Overall, all internal fixation models increase the mobility of adjacent segments and the stress of the intervertebral disc. Although the increase in mobility and intervertebral disc stress was not proportional to the strength of internal fixation, ASD should be considered when performing XLIF surgery. Clinical studies had found that the posterior muscle-ligament complex retained during the operation acts as a posterior tension band after the fusion, which could prevent the occurrence of ASD after the fusion to a certain extent [50,51,52].

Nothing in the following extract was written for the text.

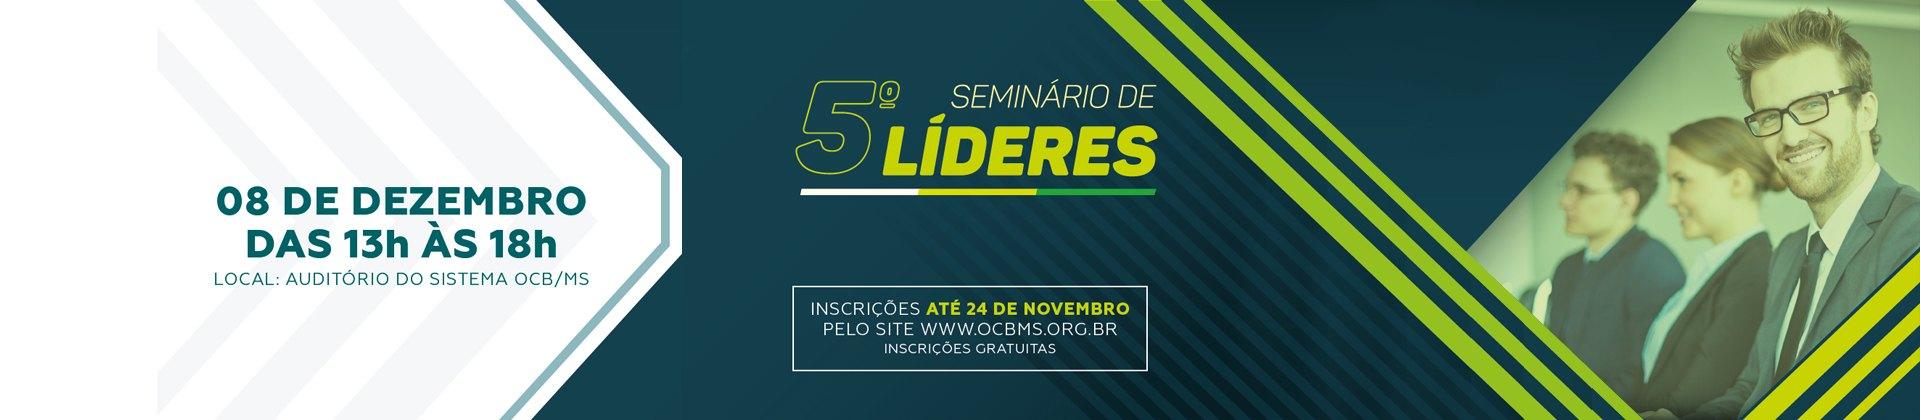 Banner_Sem_LIderes_Site
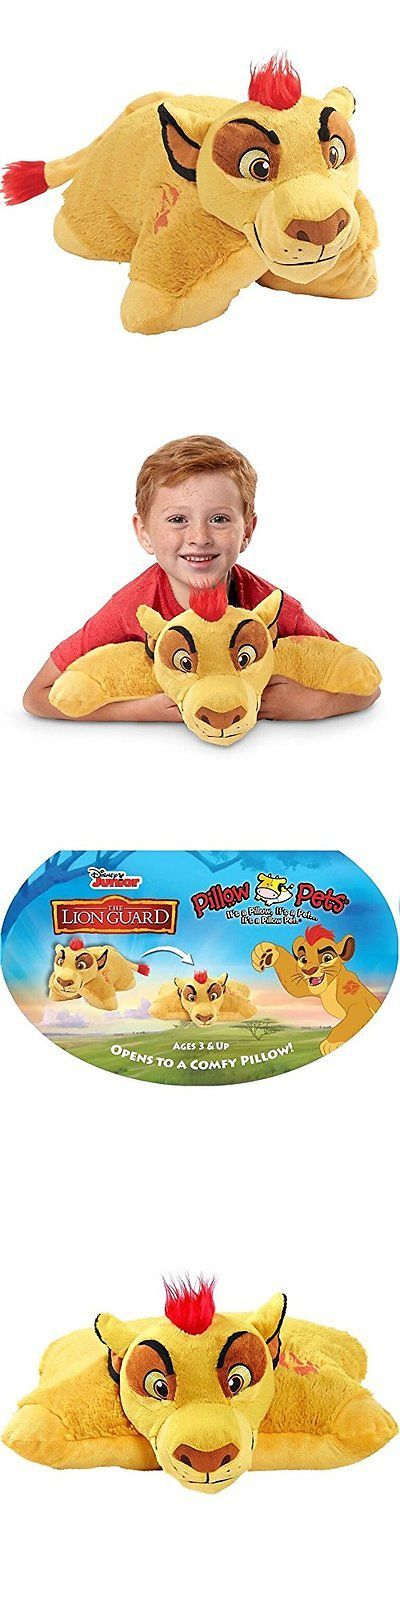 Disney 2597: Disney Lion Guard Pillow Pets - Kion Stuffed Animal Plush Toy -> BUY IT NOW ONLY: $34.51 on eBay!

Our study was based on finite element analysis and has several limitations. First of all, the division of elements and the determination of boundary conditions in the modeling process were all artificial settings, which need to be compared with cadaver specimens and in vivo experiments. Secondly, the adult healthy volunteer was selected, degenerative factors were not considered, and the muscles were not modeled. Therefore, the force of the human body could not be fully simulated. XLIF is mostly used to treat patients with lumbar degeneration, and factors such as intervertebral disc degeneration, articular process degeneration, and osteoporosis may affect the surgical method. Therefore, the choice of the specific surgical method needs to be combined with the patient’s symptoms and imaging findings. Furthermore, the biomechanical effects of internal fixation and surgery was simplified.

Conclusion

In conclusion, all fixation models could reduce the mobility of the fusion segment. The posterior pedicle fixation model provided high stability, followed by the lateral four-hole steel plate model. All fixation models could increase the ROM and intervertebral disc stress in adjacent segments. The stress of the cage in lateral two-hole plate model was the largest, followed by VerteBRIDGE plating model and posterior unilateral pedicle screw model. Therefore, it is recommended that the posterior bilateral pedicle screw model is the first choice, followed by the lateral four-hole plate model for fixation during XLIF surgery. However, it is still necessary to be aware of the occurrence of adjacent segment degeneration in the later stage.